For the data below, transcribe the part that opens with the line containing "Valentino Garavani Tango" and closes with the line containing "Дизайн сайта, завод, СпецТехМаш", exactly and with no pictures.

-- Data section --
Content starts
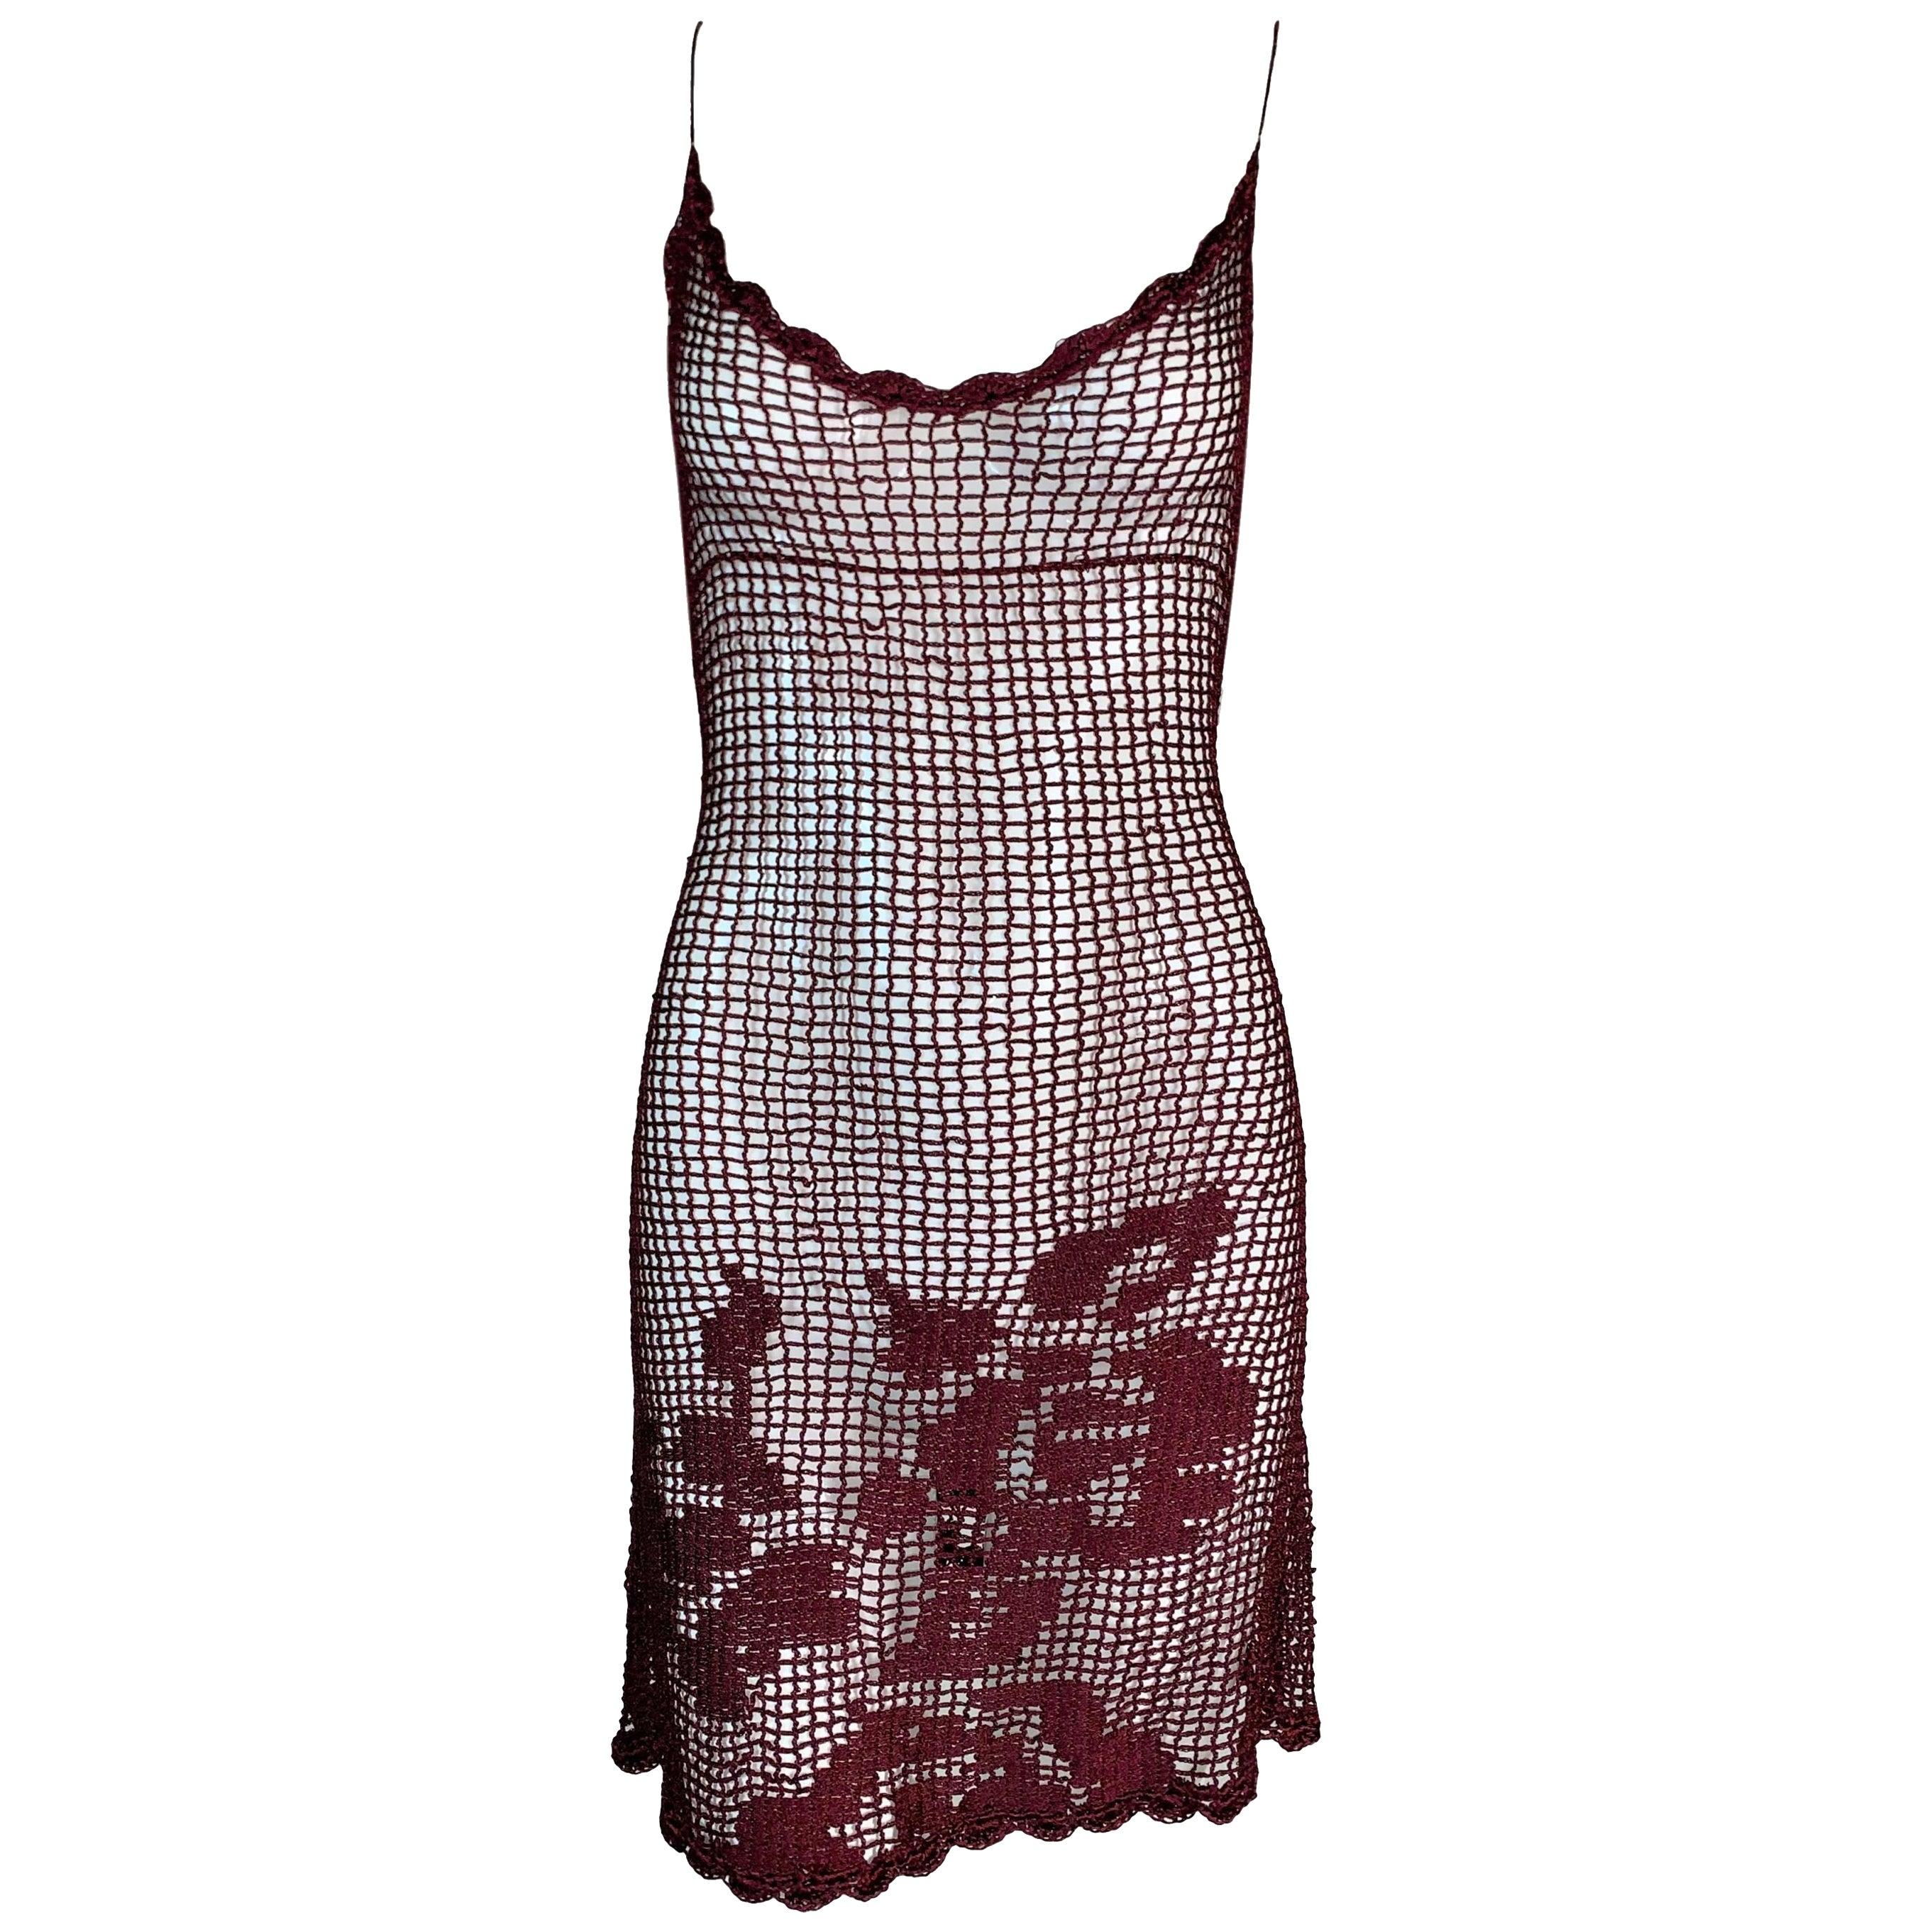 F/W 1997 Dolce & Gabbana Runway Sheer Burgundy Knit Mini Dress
Content ends
Content starts
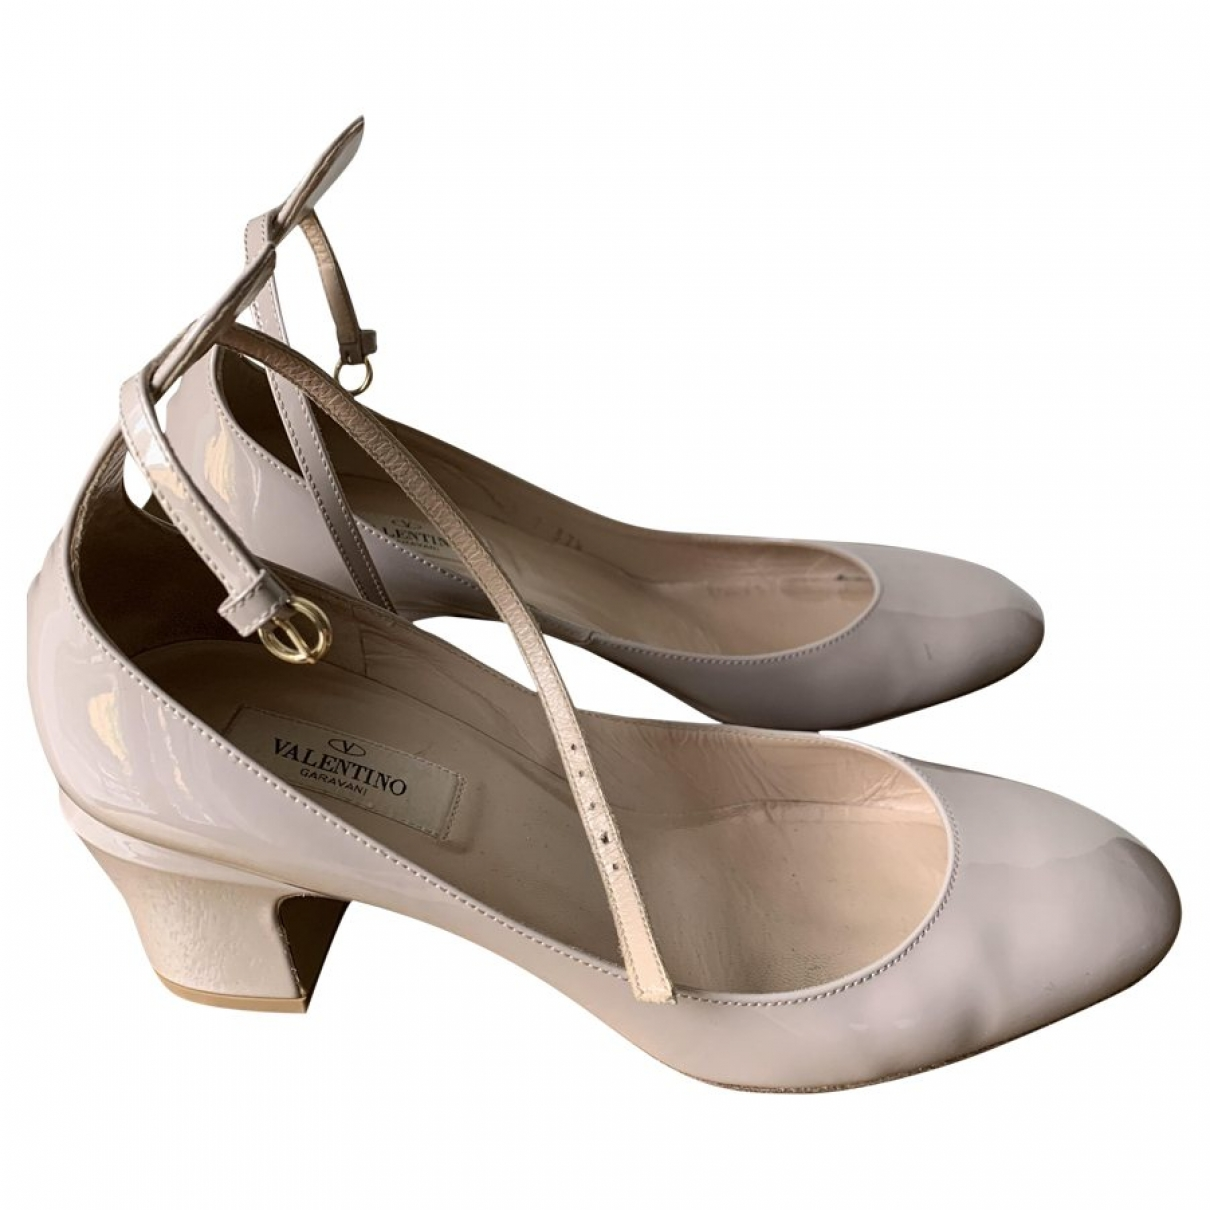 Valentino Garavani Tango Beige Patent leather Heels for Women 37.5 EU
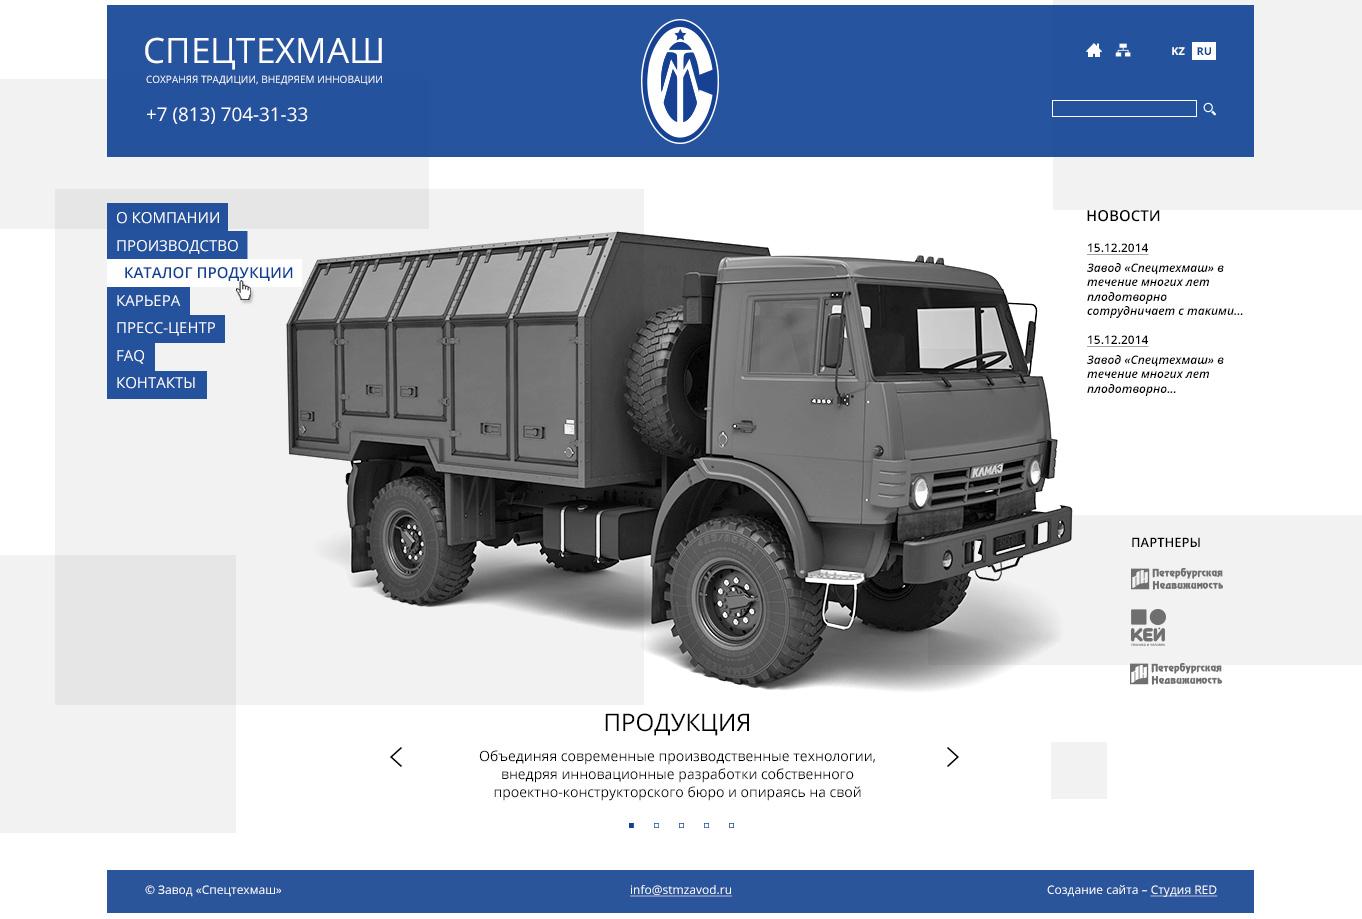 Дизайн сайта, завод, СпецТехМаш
Content ends
-- Answer --
 Valentino Garavani Tango Beige Patent leather Heels for Women 37.5 EU
 Дизайн сайта, завод, СпецТехМаш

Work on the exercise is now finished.